“Or bust some heads. That one in the front, Dundy, busted mine during the strike in nineteen.”
They were standing near the foot of the gangplank when the policemen descended with four manacled seamen between them. Both men turned away to draw on their cigarettes as the officers and their prisoners passed. When Spade and Tingly turned back, the first officer, Rafferty, and Quartermaster Kest were at the head of the gangplank to watch the procession to the squad cars. Their voices carried.
“I bet those four let that passenger put all the stolen gold in his steamer trunks in the baggage room,” said Kest.
Rafferty shook his head almost belligerently.
“Don’t you believe it. They’re all good union men and they’ve been with us for six voyages now. They’ll be back. Then whatever s.o.b. pulled this job, he’d better haul ass. The cops will be out for blood for sure.”
“I s’pose you’re right.” Kest added casually, “Can you get Phillips to relieve me here while I get some chow?”
Rafferty went in search of Kest’s replacement. Spade said, “Let’s play some pool. Penny a ball?”
“Why the hell not?” said Tingly. “There sure ain’t gonna be no work today for the likes of us.”
As they strolled down the Embarcadero, Kest roared by them on a green motorcycle with a sidecar.
It was 11 p.m. The two seamen pulling graveyard watch, Hans Grost and Shelly Grafton, were on the boat deck checking the gas-vent pipes from the fuel tanks. Grost was thick and slow with pig eyes, Grafton lean and lithe, knife eyed. Their movements were surreptitious. They descended quickly and silently to the promenade deck, which had been roped off so it could be re-covered with gray rub berized paint before the vessel departed San Francisco. After quickly checking the bottoms of the scuppers — drainpipes — from the boat deck, they set off toward the smell of fresh coffee wafting from the galley.
Sam Spade, still in his longshoreman’s denim jacket and pants, a blue knit navy watch cap pulled down hard on his head, emerged from an alcove beside the doorway to the passengers’ cabins. He crossed quickly to the drainpipes. The bottoms of all of them were plugged pending the paint job. Spade lightly tapped each in turn with the rounded steel end of his Flylock pocketknife. The first three gave off a hollow metallic clang. The fourth emitted a dull thunk.

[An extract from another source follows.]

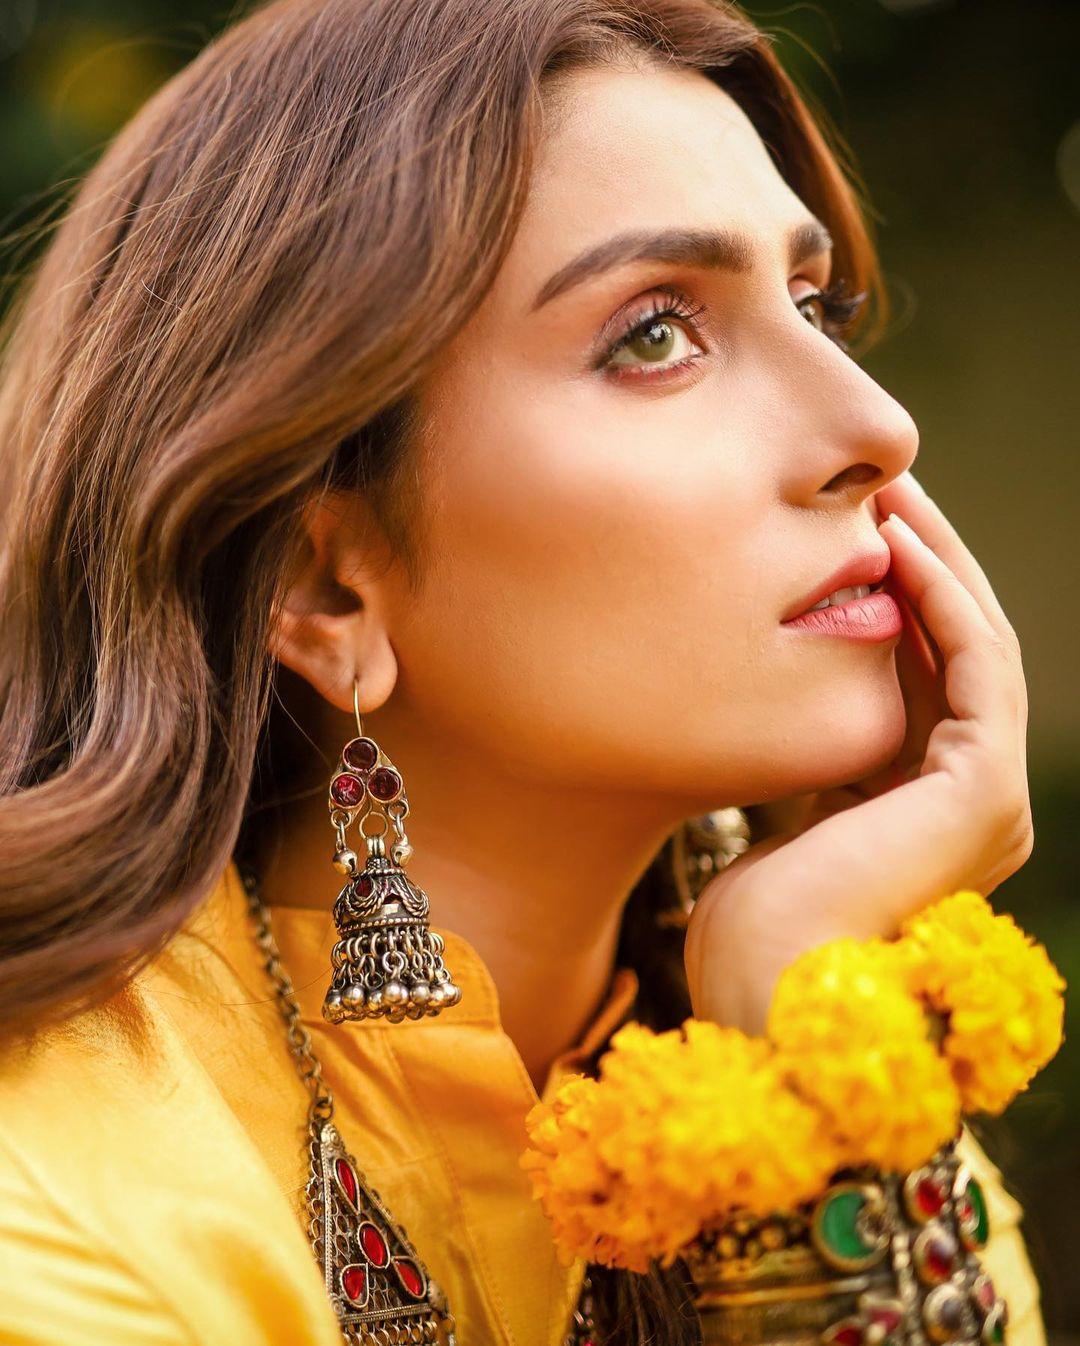 Ayeza Khan Photo Shoot for TJK Designs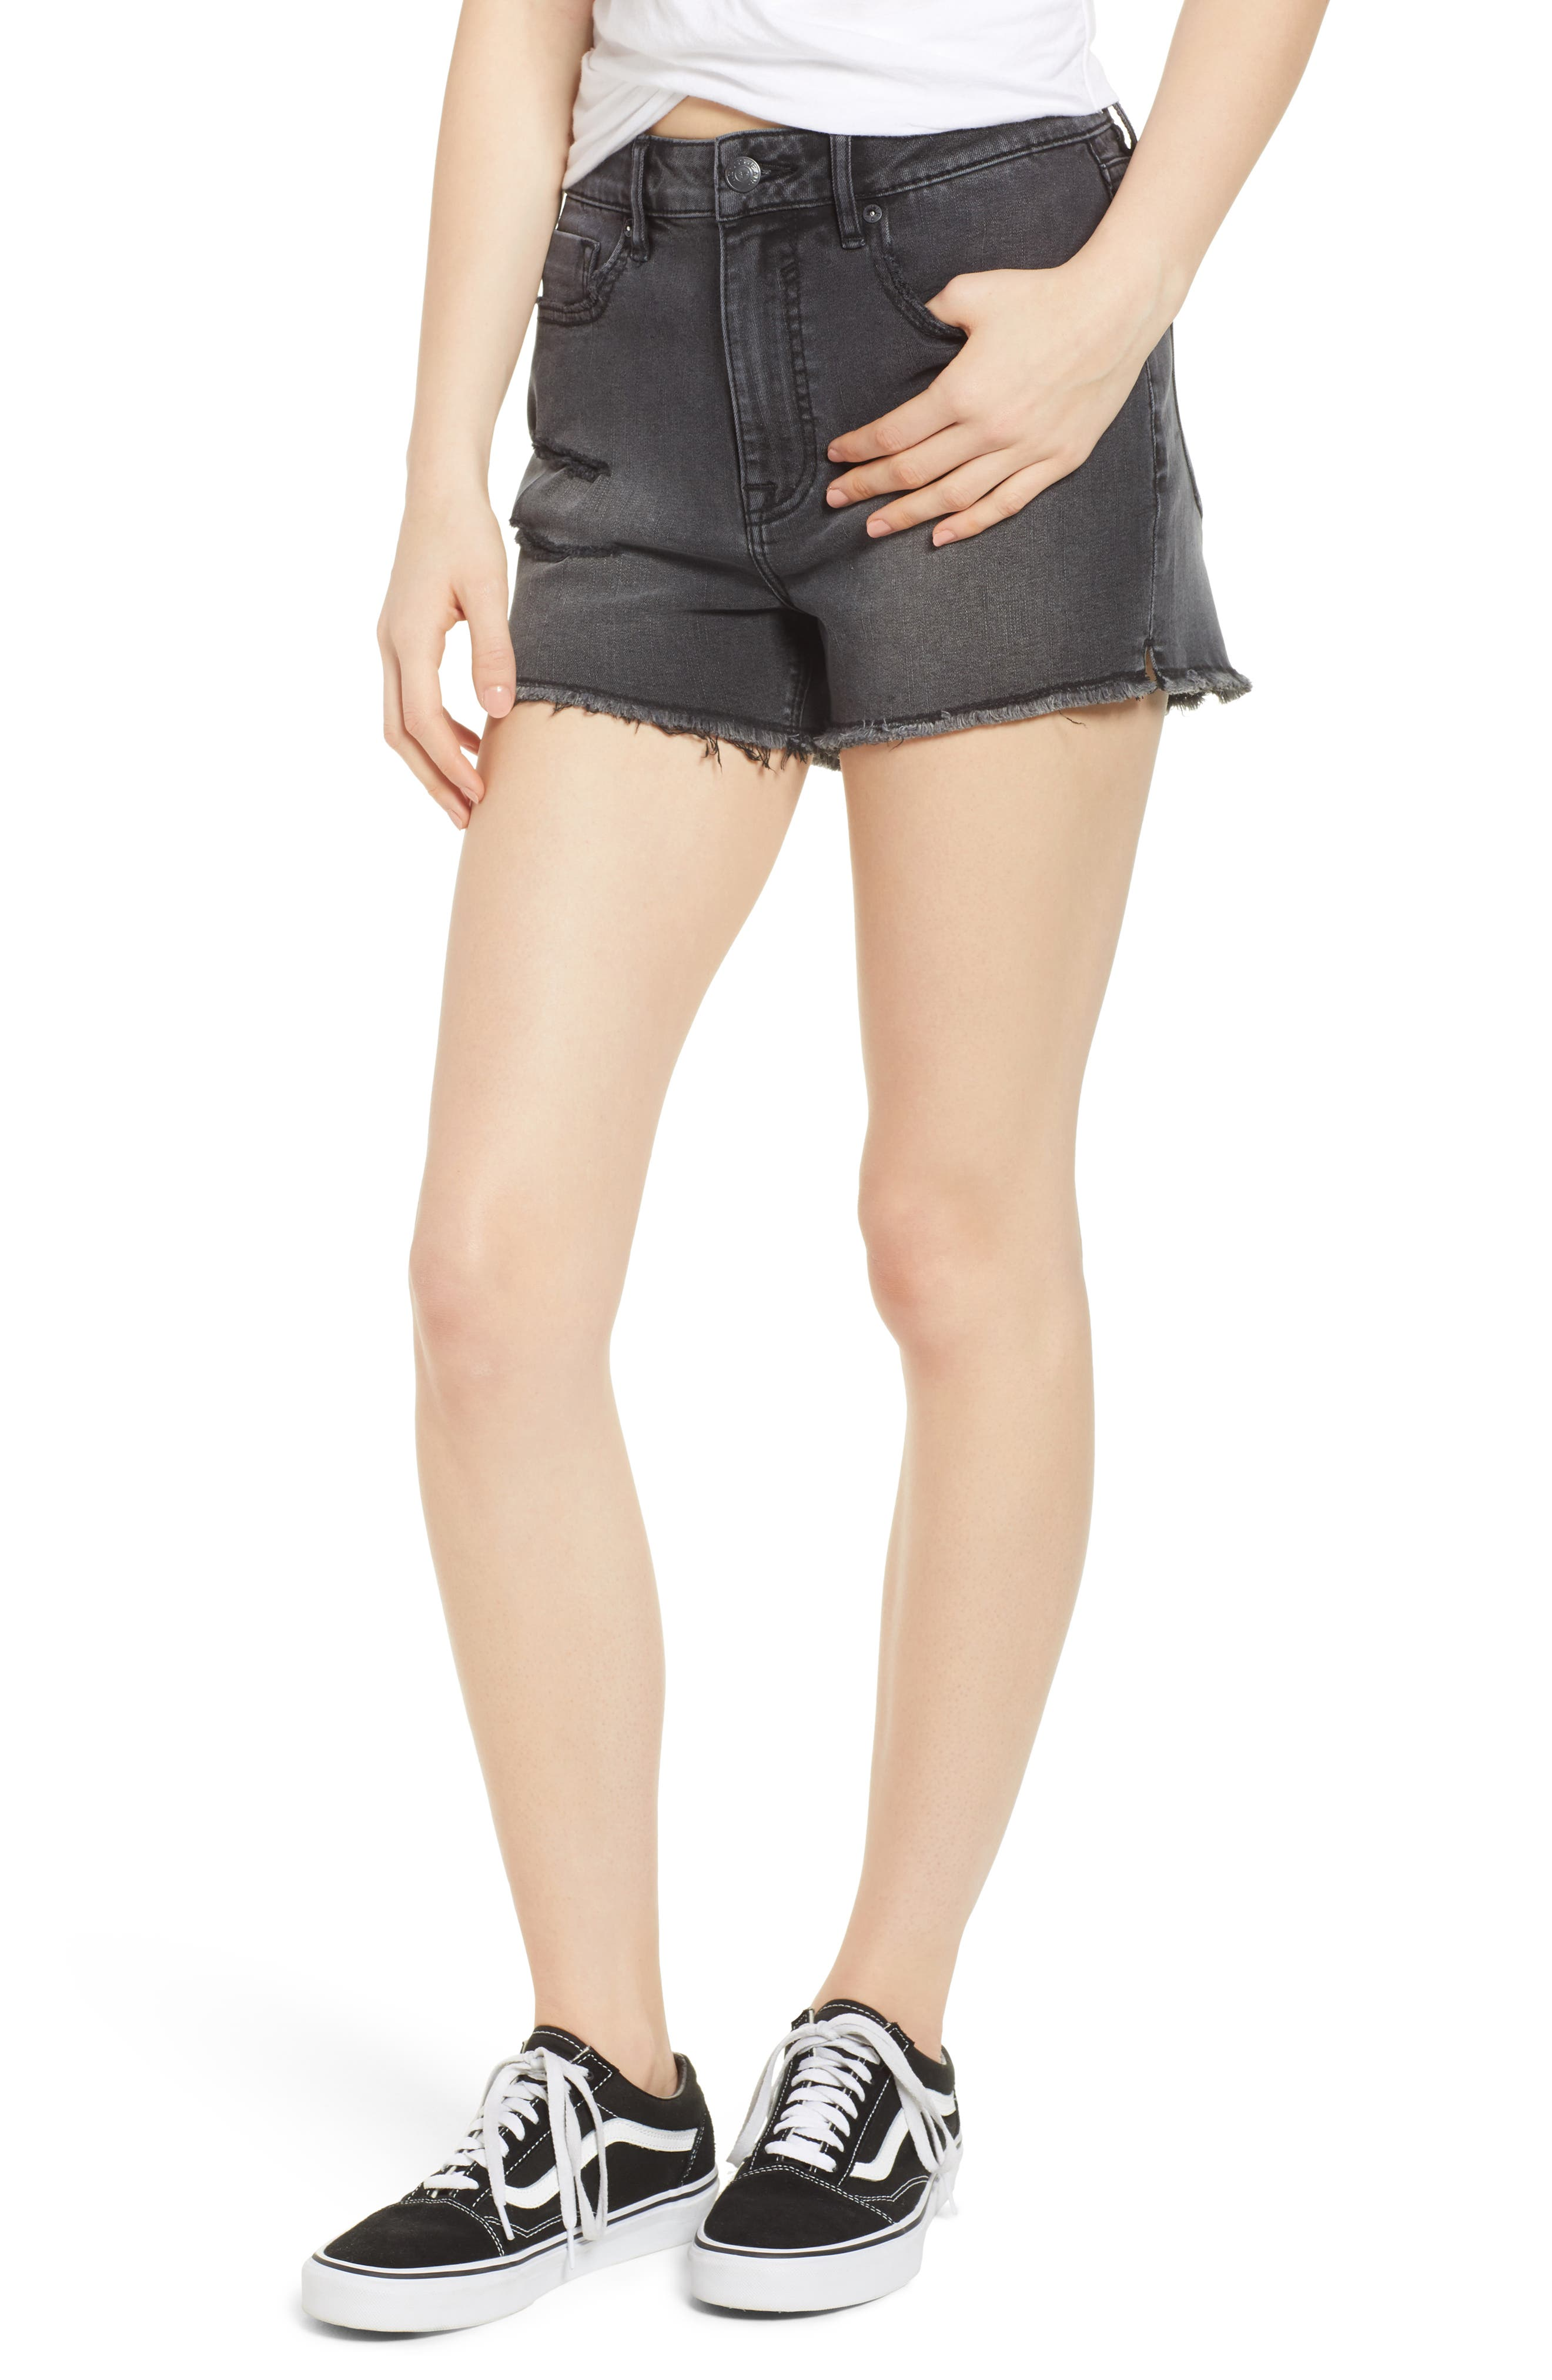 Jagger High Waist Denim Shorts,                         Main,                         color, 001

Spade followed that scupper up to the boat deck. Its top was blocked. The others were not. He stared thoughtfully at it for a full two minutes, then went around tapping the vent pipes from the fuel tanks that Grost and Grafton also had been checking. Again, one of them emitted a thunk instead of a clang.
After looking into the lifeboats hanging from their boat deck davits, Spade departed the vessel. It was just midnight.
Fog was drifting in through the Golden Gate and the horns were busy, as well as the bells and whistles of the ferries crossing to and from Oakland and Sausalito, up in Marin County.
Spade strolled from Pier 35 down toward the Ferry Building. As he passed the intersection where Front and Union touch the Embarcadero, three bulky shapes emerged from the shadows. Their features were obscured by the heavy hoods of their jackets. The man in front had a baseball bat, brass knuckles glinted on the second man’s fist, a knife gleamed in the hand of the third.
Spade backed up against the front of the Pier 19 warehouse. His body seemed to shrink, to draw in on itself as if to make him a smaller target. Terror was in his eyes, his head swiveled from side to side to keep all three men in view. His hands were out as if to ward off attack. The fear in his eyes was echoed in his voice; he seemed to have trouble getting words past a closed-down larynx.
“Chrissake, guys, don’t — don’t hurt me. I’ll give you everything I’ve got. You don’t have to hurt me.”
The lead man gave a heavy laugh of triumph.
“A snoop, and a yellow-livered snoop besides. You’ve been sticking your nose into the wrong guy’s business.”
He swung the baseball bat at the cringing figure’s head. But Spade had already charged inside the bat’s arc. His right elbow jammed up into the attacker’s exposed throat.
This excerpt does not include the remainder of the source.